Что-то хрюкнуло – и из двери тяжко вывалился черный широкоплечий монстр. Мы с Люфтшютцем держали винтовки наготове; не было никакой возможности узнать, есть ли в доме русские. Карл Саммт, выучивший несколько польских слов, работая официантом в Познани, пробормотал что-то невнятное о ночи, солдатах и крове.
Монстр хрюкнул и скрестил руки на груди, как это делают часовые, силясь согреться. Поскольку ему, казалось, не хотелось покидать порог, Карл Саммт ткнул его прикладом в бок. С тем же успехом можно было пощекотать медведя дамским зонтиком; верзила только зарычал и выпрямился, став казаться еще выше. Чья-то рука вдруг оттолкнула его в сторону – и он уступил дорогу субтильной женщине неопределенных лет; выступив вперед, она без страха воззрилась на нас.
Карл Саммт пустил в ход все свое польское красноречие. Ночь. Солдаты. Снег. Ищем приют. Добрые немецкие солдаты – ничего плохого делать не будем, разве что поспим немного! Он оперся правой щекой на две сложенные ладони, изобразив лицо спящего ангела. Она дала ему выговориться, затем кивнула и отступила назад; итак, у нас появились кров, очаг, свет – кто знает, может, еще и накормят!
Еклерис тут же рухнул на кучу тряпья в углу и стал болезненно хрипеть. Можно было представить его состояние, раз даже наши здоровые легкие после угощения выстуженным воздухом еле-еле работали. Пахло гарью – ветер ярился в дымоходе – и всеми неприятными вещами, что связаны со снедью и человеческим пищеварением. Два крошечных окошка в избе кто-то законопатил мхом и глиной – уверен, в течение многих лет воздух здесь мало-мальски освежался лишь тогда, когда открывалась нараспашку дверь.

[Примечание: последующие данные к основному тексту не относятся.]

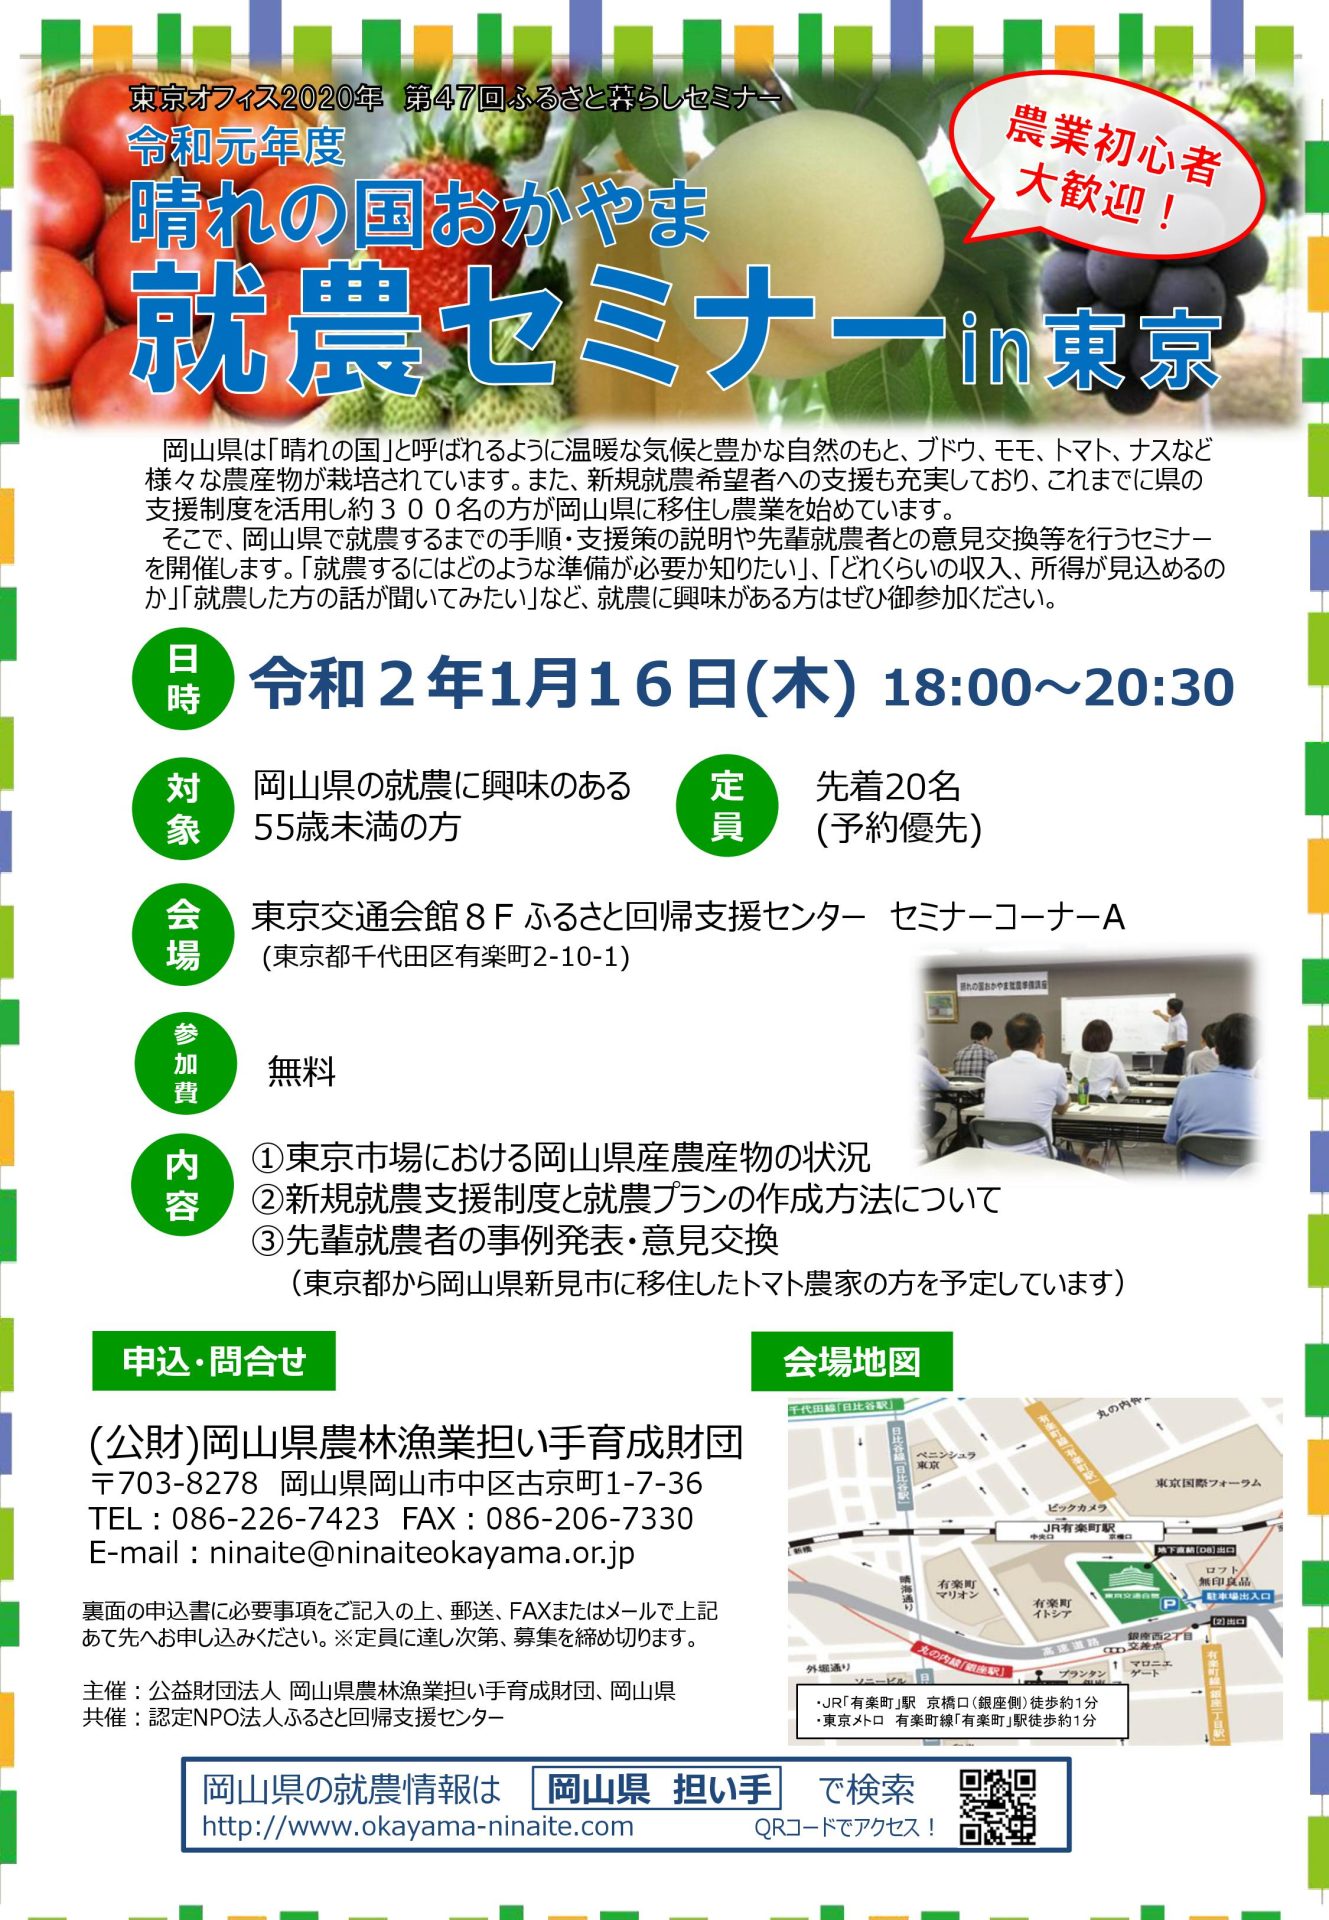 晴れの国おかやま就農セミナーin東京 | 移住関連イベント情報

Симонидес без труда снял с себя верхнюю и нижнюю одежду и, нимало не стесняясь хозяйки лесного жилья, принялся растирать свои больные места. Черное чудовище присело на колоду для рубки мяса в самом темном углу и неподвижно уставилось на покрасневшие ноги нашего товарища. Карл Саммт, меж делом, продолжал упражняться в польском.

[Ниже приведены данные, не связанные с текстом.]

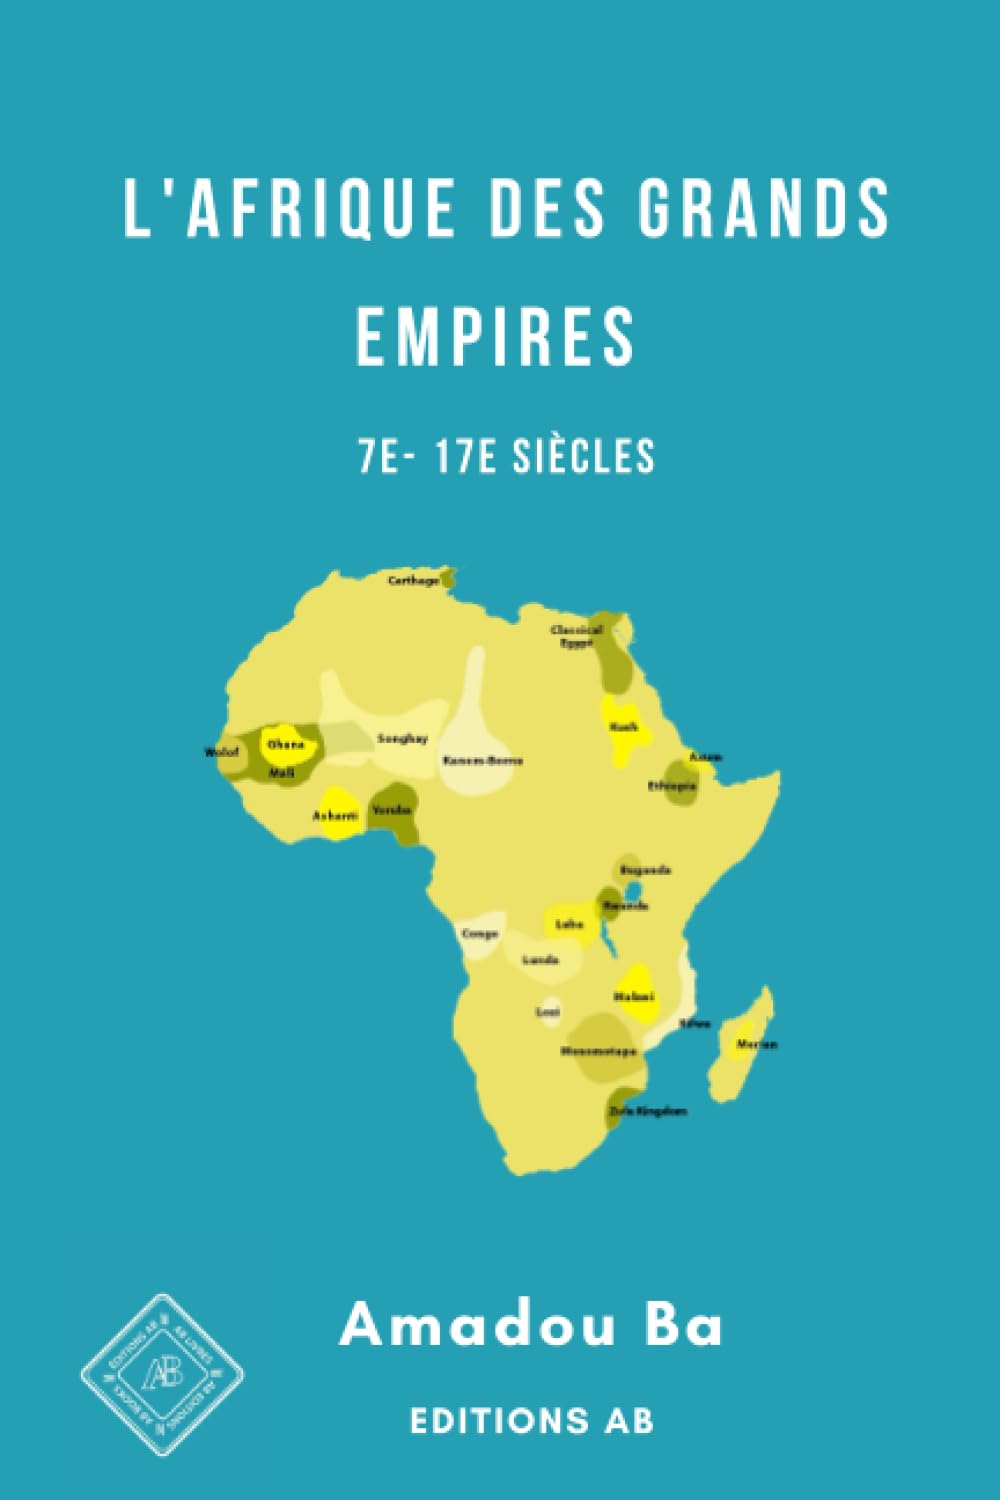 L'Afrique des Grands Empires (7e-17e siècles): 1000 ans de prospérité économique, d'unité politique,

– Нам бы хороший еда, – бубнил он. – Хороший немецкий солдат! Голод! – Он оскалил зубы, засунул указательный палец в рот и сделал вид, что жует его с характерными «хам-хам-хам». Хозяйка при виде этакой пантомимы хрипло загоготала. На ней красовалась алая льняная рубаха – вернее, когда-то алая, а теперь просто грязная. Юбка покрывала ее ноги до самых связок голеностопа, и весь подол у нее испещряли жирные пятна – надо думать, хозяйка, за неимением передника, вытирала руки после готовки прямо об одежку. Старость еще не успела превратить эту женщину в отвратительную каргу – что-то странно манящее прослеживалось в угловатом рисунке скул, и даже многочисленные оспины не размывали впечатления от сурового благородства черт ее лица. Любитель почитать на привале, я носил с собой в ранце экземпляр «Симплициссимуса» Гриммельсхаузена – и, наверное, поэтому живо представил себе эту даму в образе виваньдерки, раскатывающей в обозе по фронтам времен Тридцатилетней войны. Когда излияния Саммта подошли к концу, оказалось, что он зря распинался – ибо дама ответила, что в избе не найти и краюшки хлеба; что уж там говорить о сыре и молоке. Судя по всему, уединенная жизнь на границе с чащей и общество того странного неотесанного мужика-великана, что по-прежнему сидел в углу, поглядывая на нас исподлобья, сказались на ее манере изъясняться не лучшим образом – говорила она медленно, с явным трудом.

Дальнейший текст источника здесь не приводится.